The Cal State Long Beach (CSULB) Visual Anthropology Student Association will host a showcase of its work on Saturday, May 19, beginning at 4 p.m. at the Liberty Art Gallery and Performance Space at 435 Alamitos Ave. in Long Beach. Admission is free.
Organized by the CSULB Department of Anthropology and supervised by faculty members Steven Rousso-Schindler and Scott Wilson, the program will present an evening of films and new media projects on topics as different as vinyl records and the body image of Mexican-American women.
“This showcase of student work represents a variety of media available in the classes,” Rousso-Schindler noted. “Last year’s showcase drew hundreds to downtown Long Beach, and I expect hundreds more to attend this year for our program of eight films and five new media projects.”
Rousso-Schindler explained that visual anthropology is a subfield of cultural anthropology concerned with the study and production of ethnographic photography, film and new media. “Technology has had a significant impact on visual anthropology,” he said. “Up to now, visual anthropology has depended on film and TV. New media changes that. Access to technology has allowed more people to become visual anthropologists.”
As a visual anthropologist, Rousso-Schindler hasn’t seen as much work as he expected about Mexican-Americans from an enrollment as diverse as CSULB’s. He said that changes a bit this year with two projects about Mexican-American culture.
He points to an undergraduate film by CSULB’s Joanna Diaz, Vanessa Diaz and Andrea Carcovich titled “Dia de las Muertas: Advocacy through Altars and Art,” which connects the celebrations of Mexico’s Dia De Los Muertos and the death of women in Juarez. The same three students will also present “Yadi,” which portrays a Mexican-American woman with bulimia who overcomes conflicting messages about ideal female body types.
“These filmmakers focused on the women living in a lawless, violent border town and asked what nuances gender can bring into the equation,” Rousso-Schindler said of the first film. Of the second, he said, “Body image is differently constructed in the two cultures. Mainstream America prizes bone-skinny models and Mexican culture does not. These filmmakers have one foot in American culture and one in Mexican-American culture. It caused them to struggle with their own body images. The film is put together very cleverly.”

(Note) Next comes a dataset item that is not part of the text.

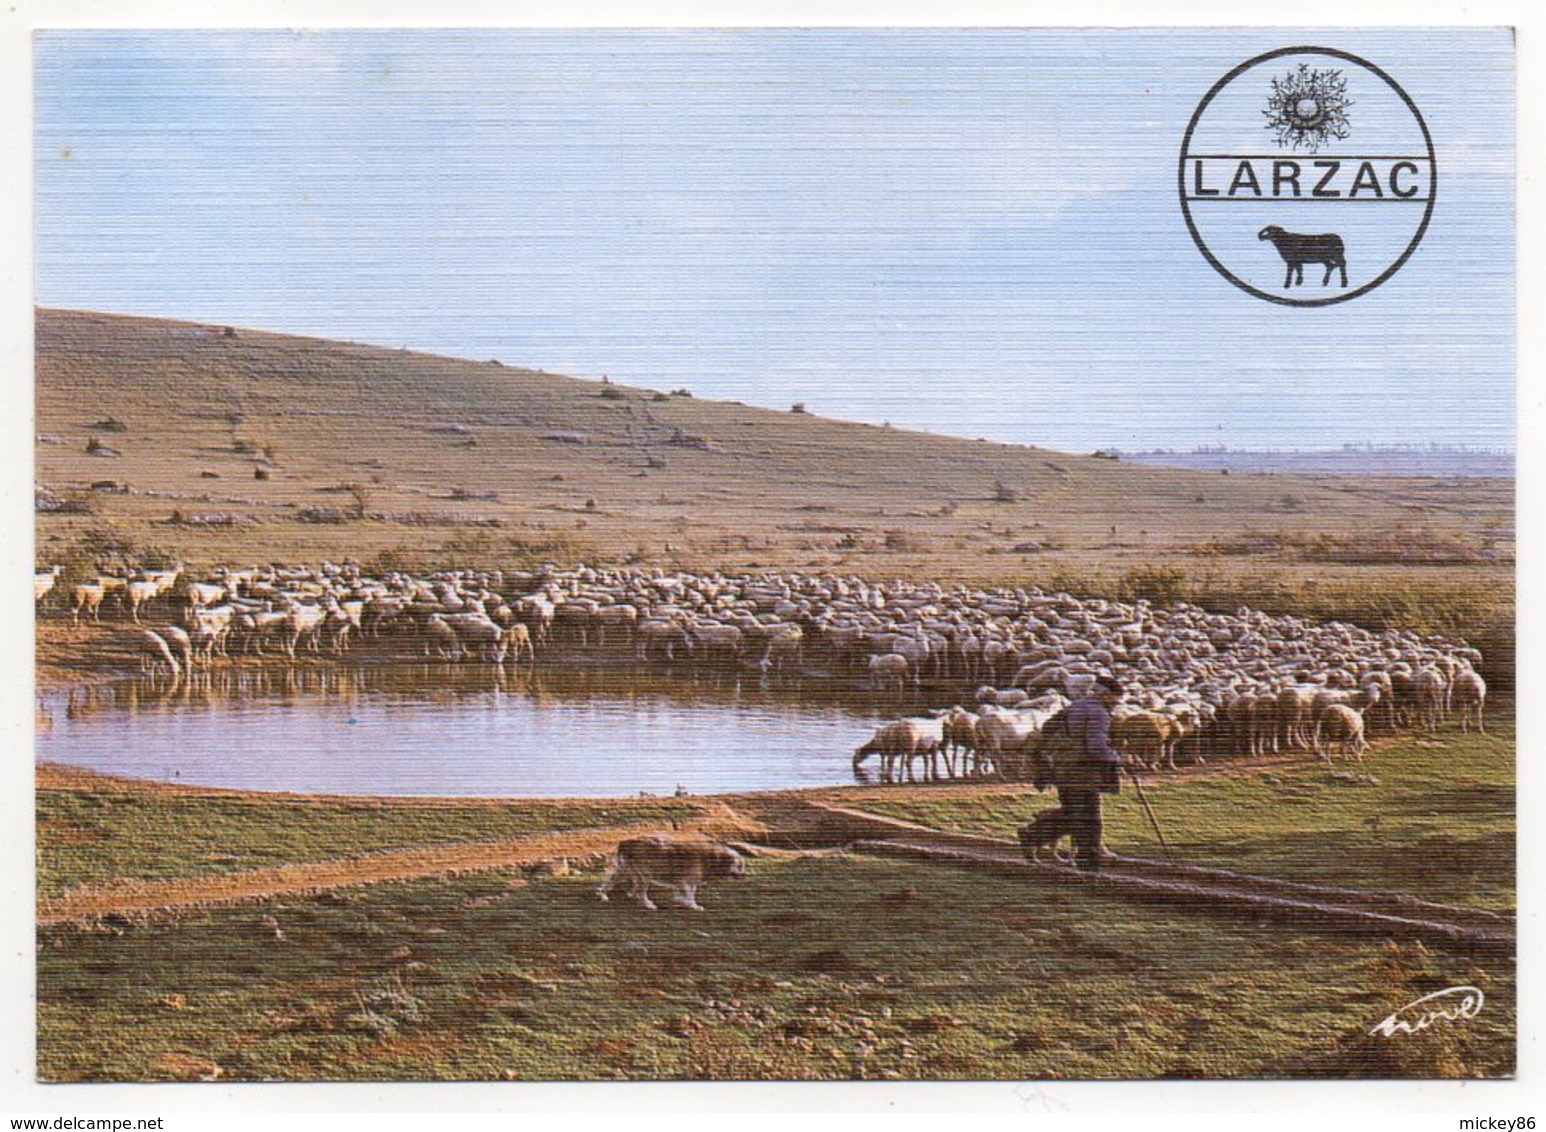 Causse Du Larzac -- Troupeau De Brebis à La "lavogne" (animée,chien,moutons )--carte Toilée - Viehzucht
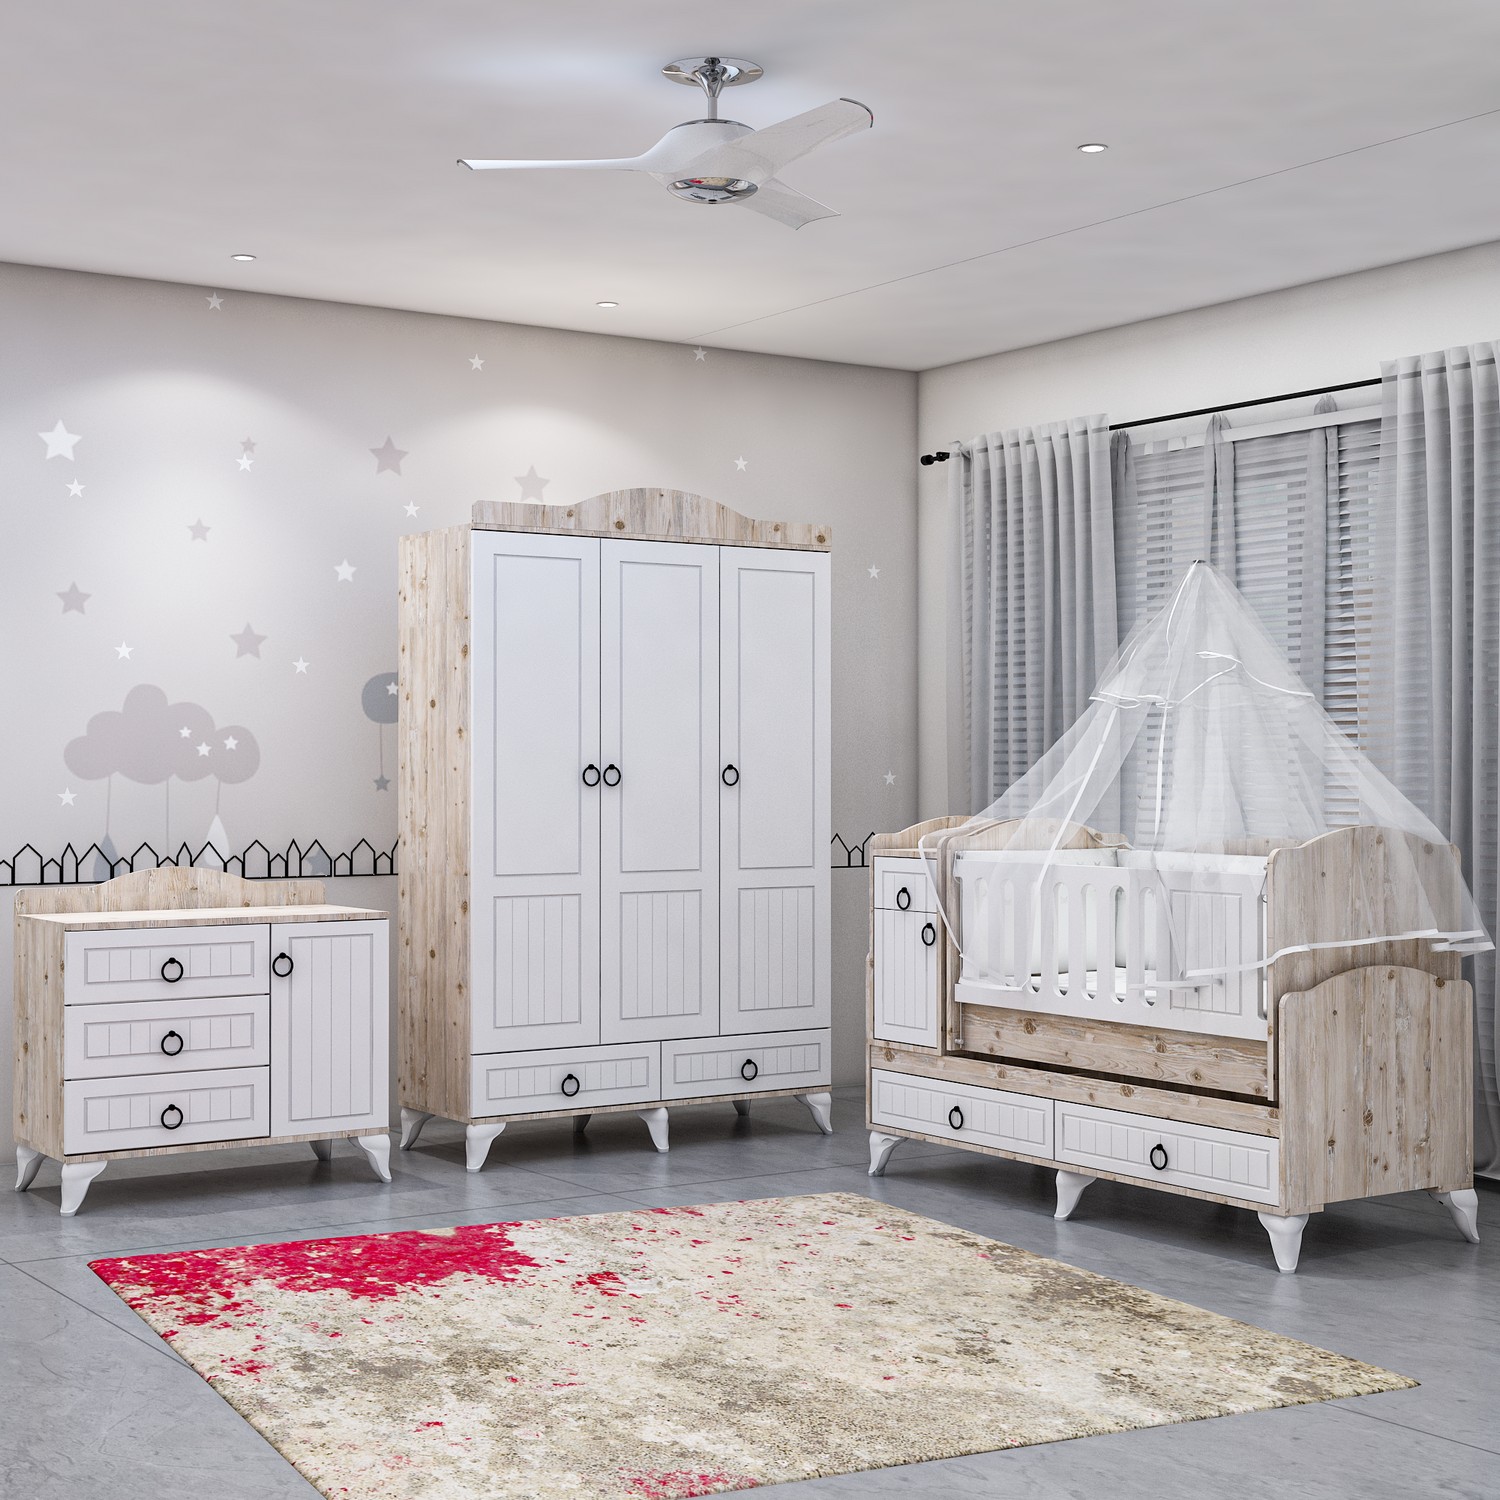 Sude Beyaz Membran Country Asansörlü Bebek Odası Takımı Yatak ve Uyku

“The Yogalution,” set in Long Beach, is from student filmmakers Stacie Shewmake, Julia Wignall and Lauren Brounley. Subtitled “Empowering Bodies and Minds: in Long Beach, California,” it details a new yoga movement that provides free instruction for community members.
Other film titles that will be shown at the festival include:
The department’s insistence on visual anthropologists working in the Long Beach community expands student world views, Rousso-Schindler believes. “Long Beach is an incredibly diverse place. That is one of the strengths of this university and one I appreciate the more I visit other CSUs,” he said. “CSULB students are great at finding amazing stories. They show the city’s diversity. It is one thing to study diversity and another to be confronted by different cultures. It’s a very educational experience and a fun challenge.”